Recorded information:
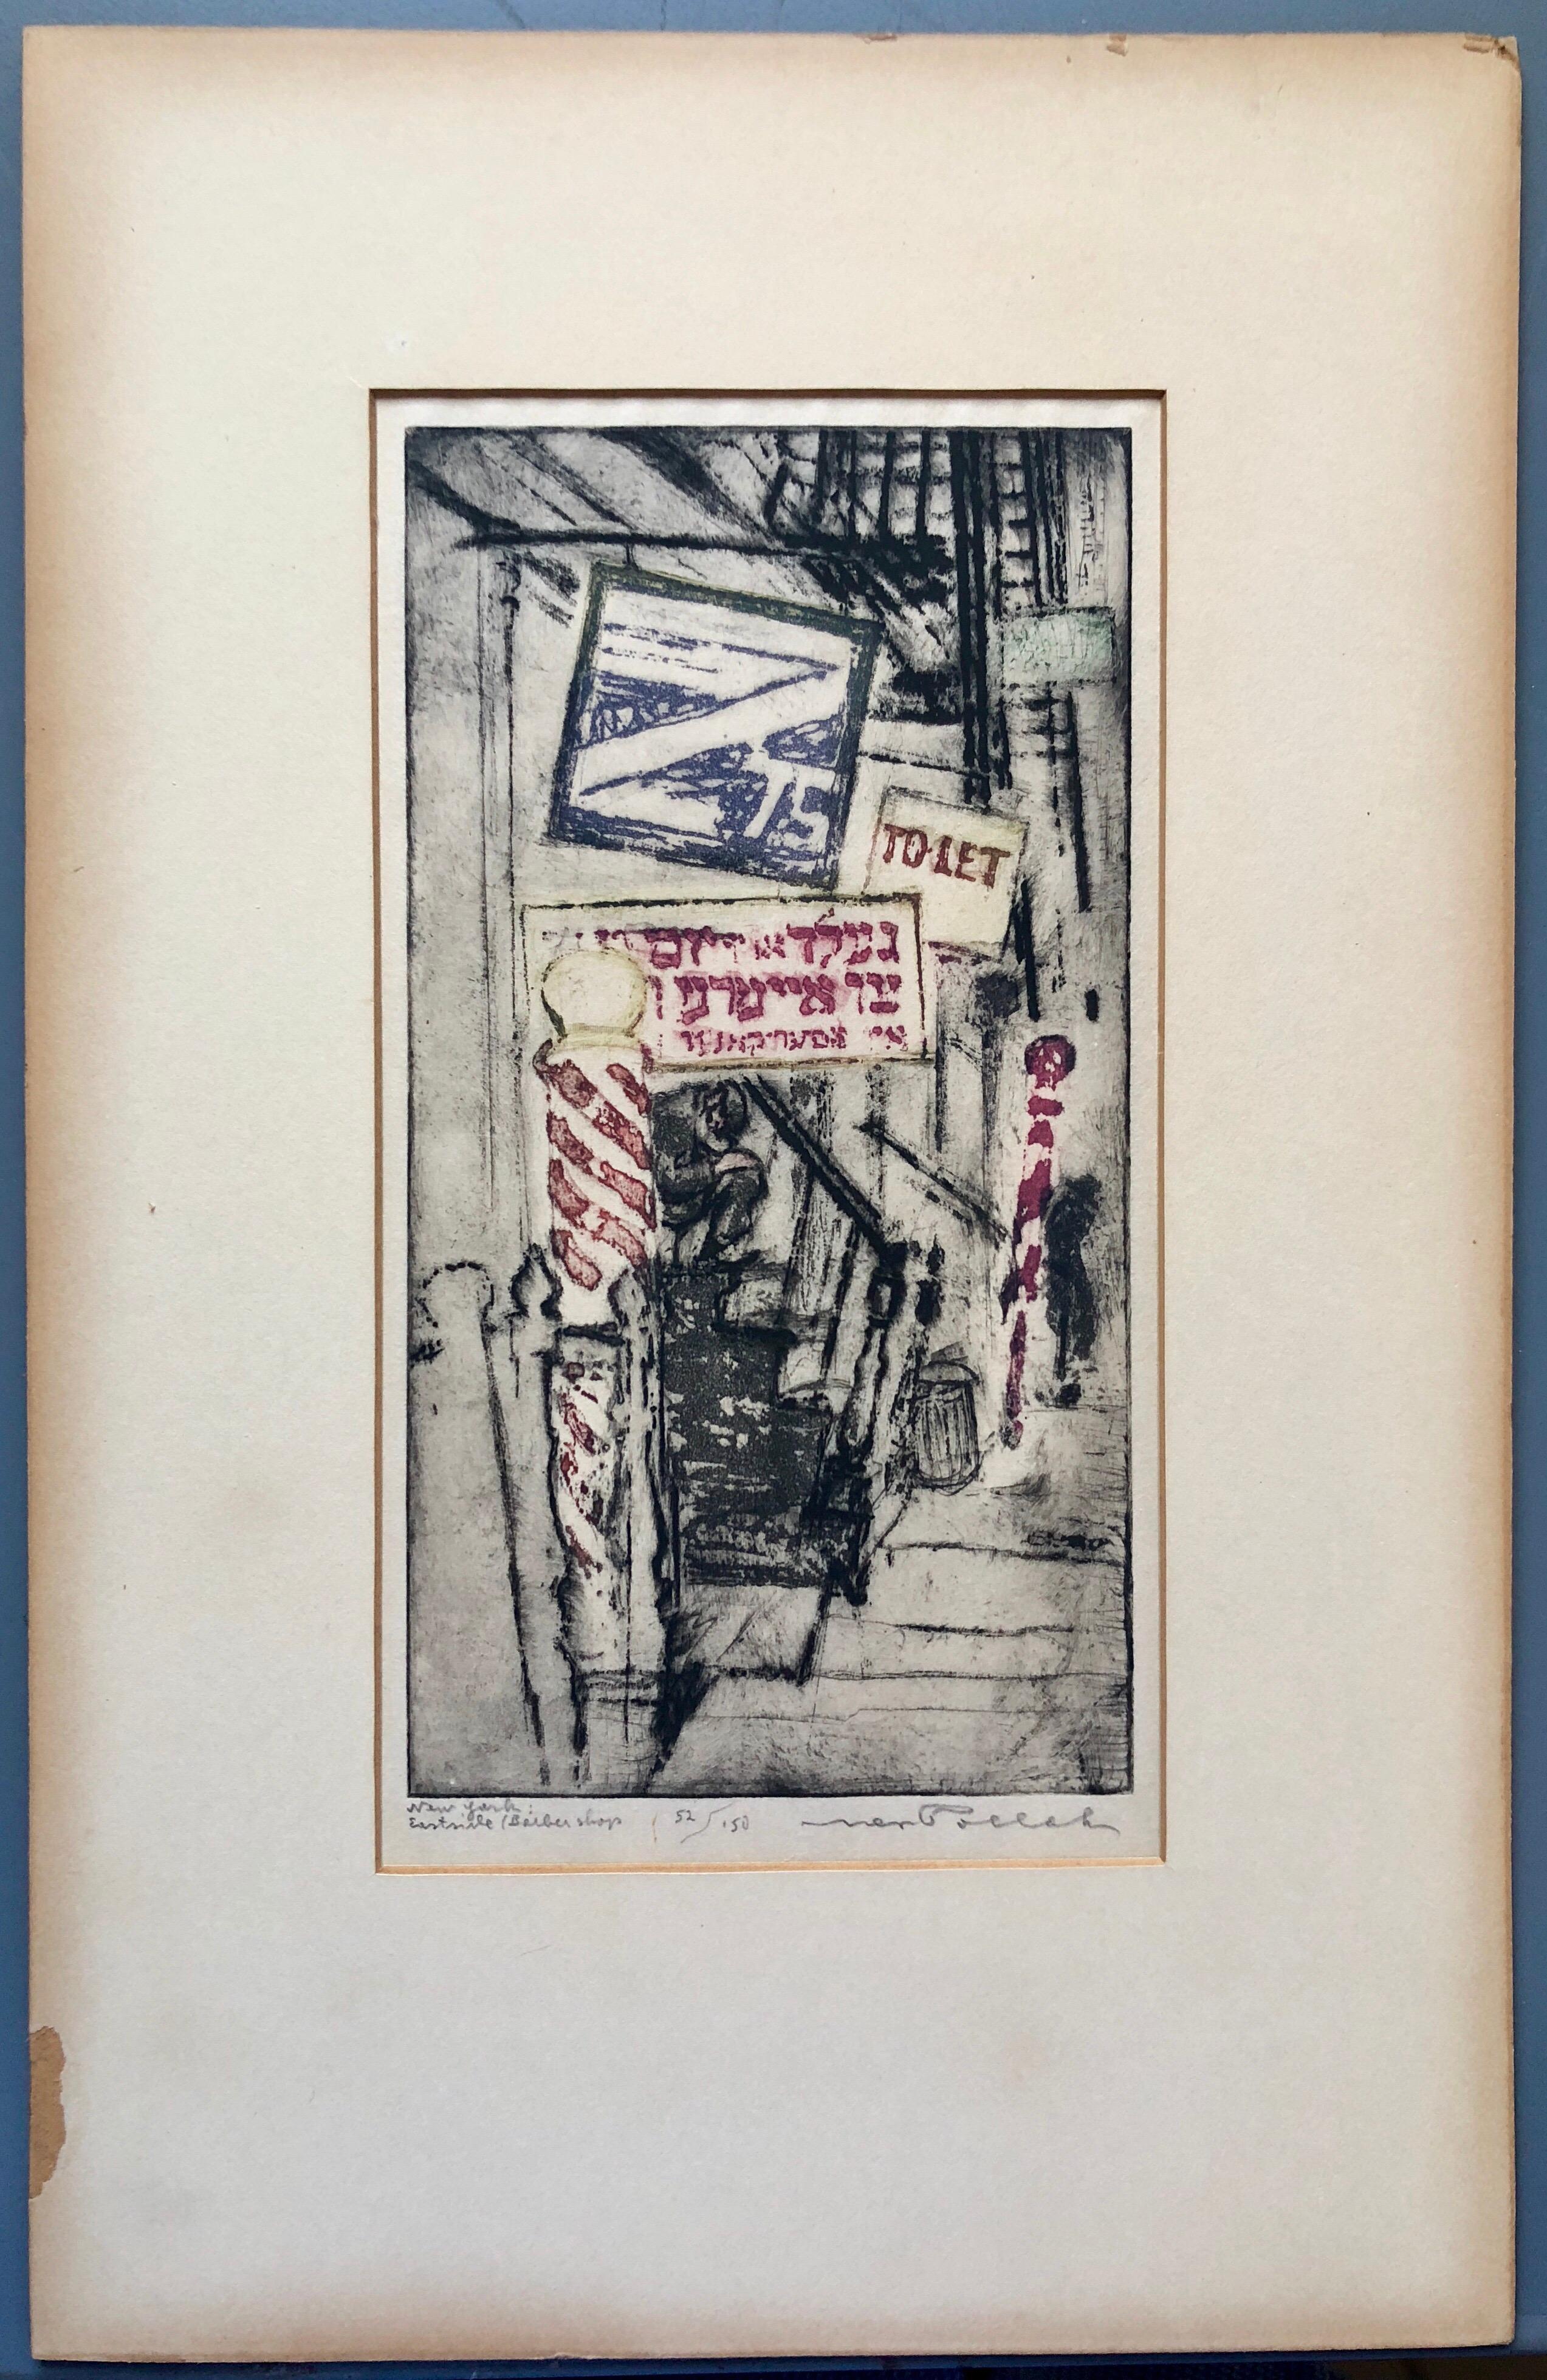 Hand signed, numbered and titled. It depicts the old lower east side of New York city with its tenements and different language signes, barber shop poles and loitering figures. This one has Yiddish before it became Chinatown. 
8 7/8 x 4 3/4
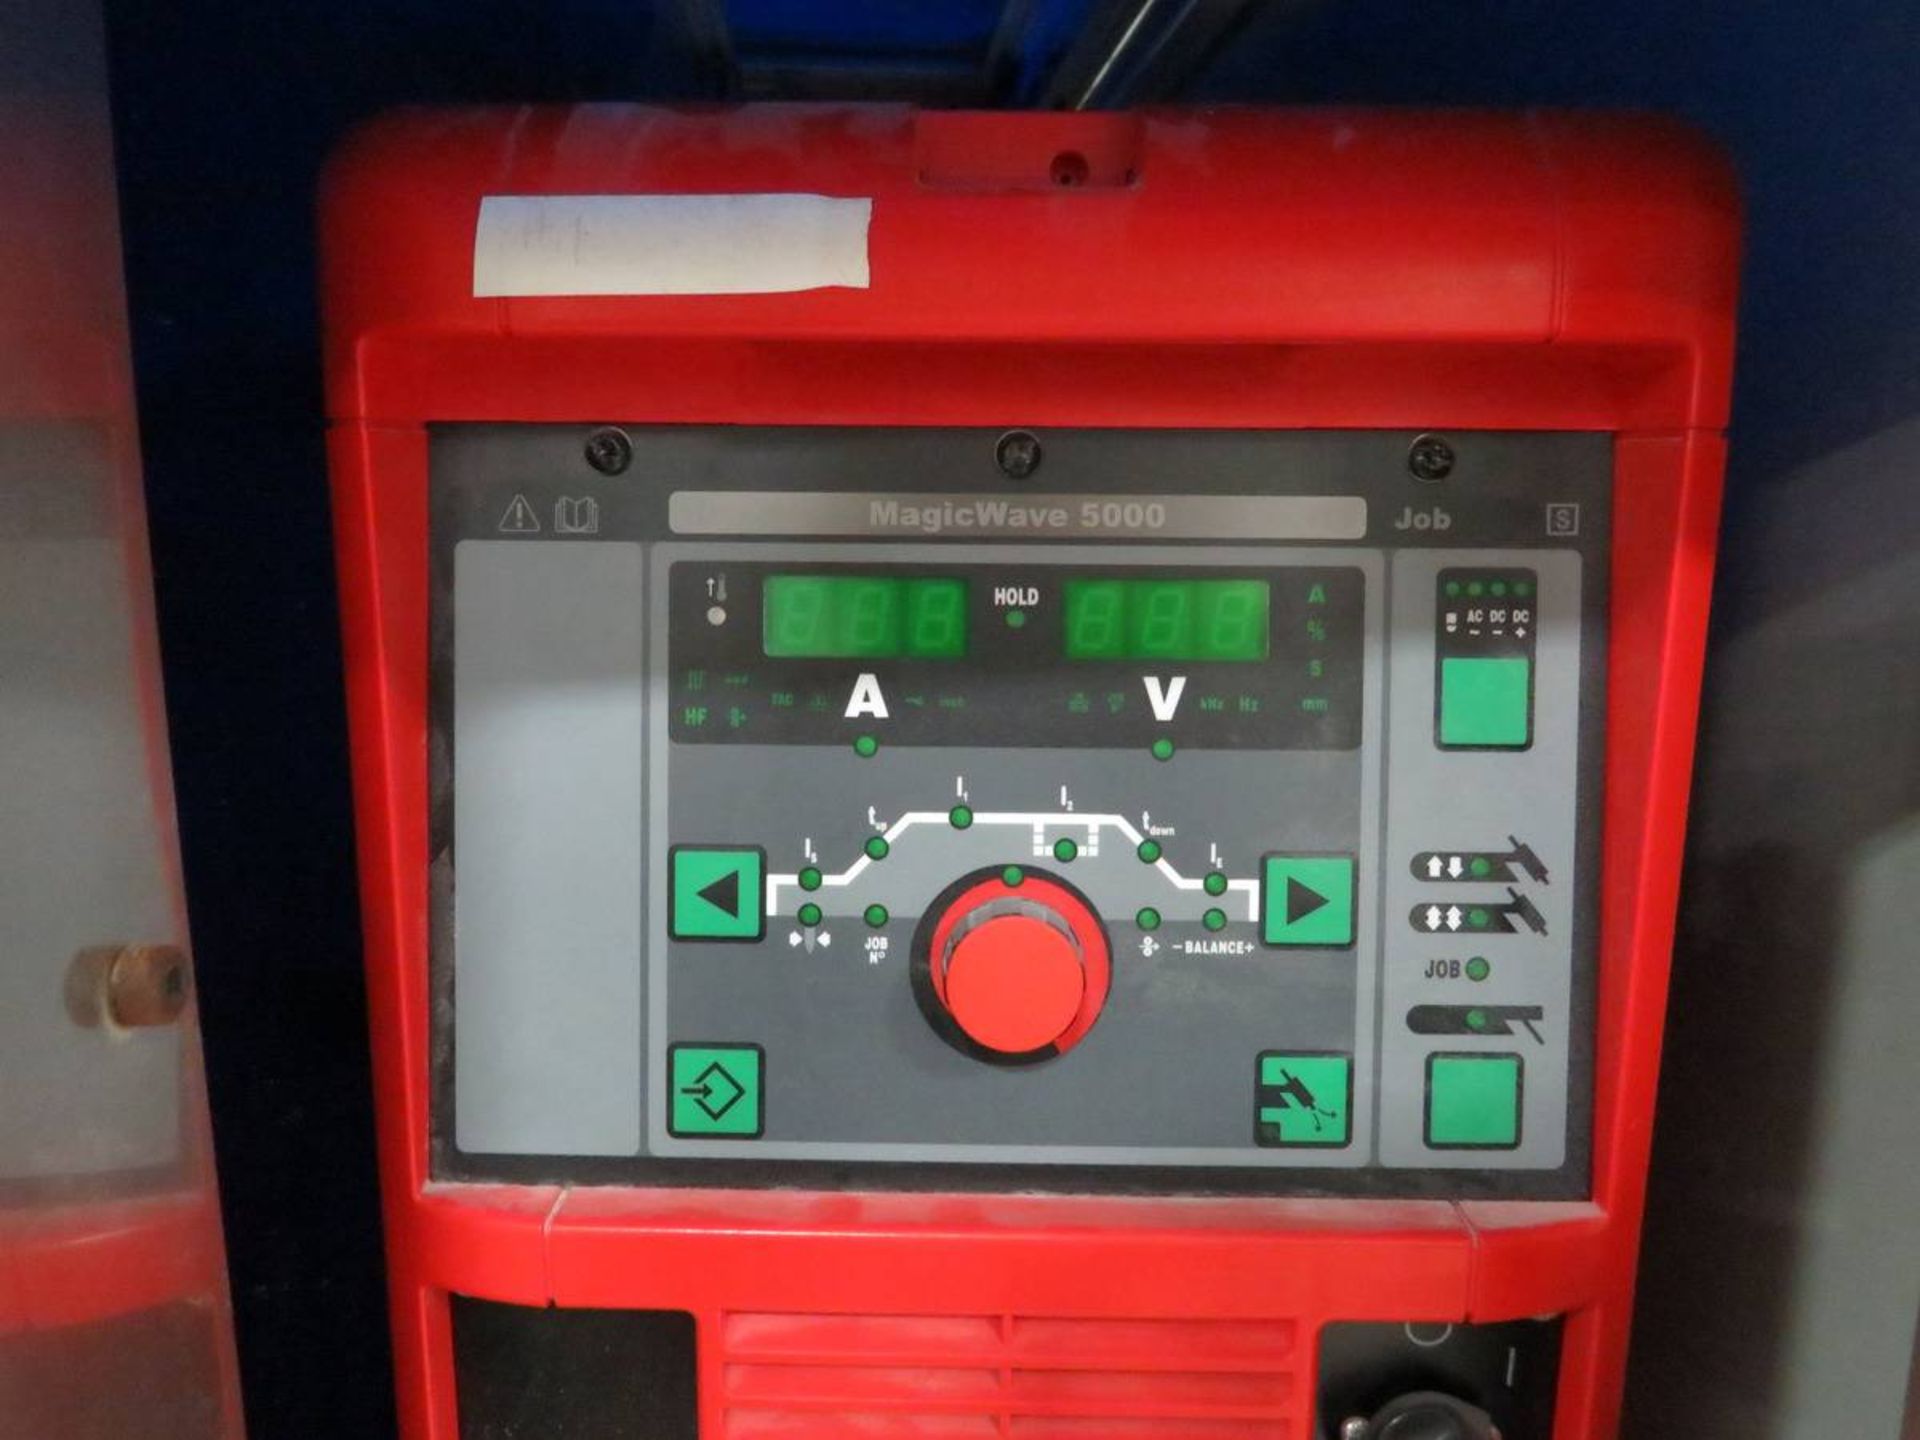 2011 Fronius MagicWave 5000 Tig Welding Power Source - Image 2 of 4

Your task:
What's needed is every line above, retyped exactly and free of pictures.

Result below:
 Hand signed, numbered and titled. It depicts the old lower east side of New York city with its tenements and different language signes, barber shop poles and loitering figures. This one has Yiddish before it became Chinatown. 
8 7/8 x 4 3/4
 2011 Fronius MagicWave 5000 Tig Welding Power Source - Image 2 of 4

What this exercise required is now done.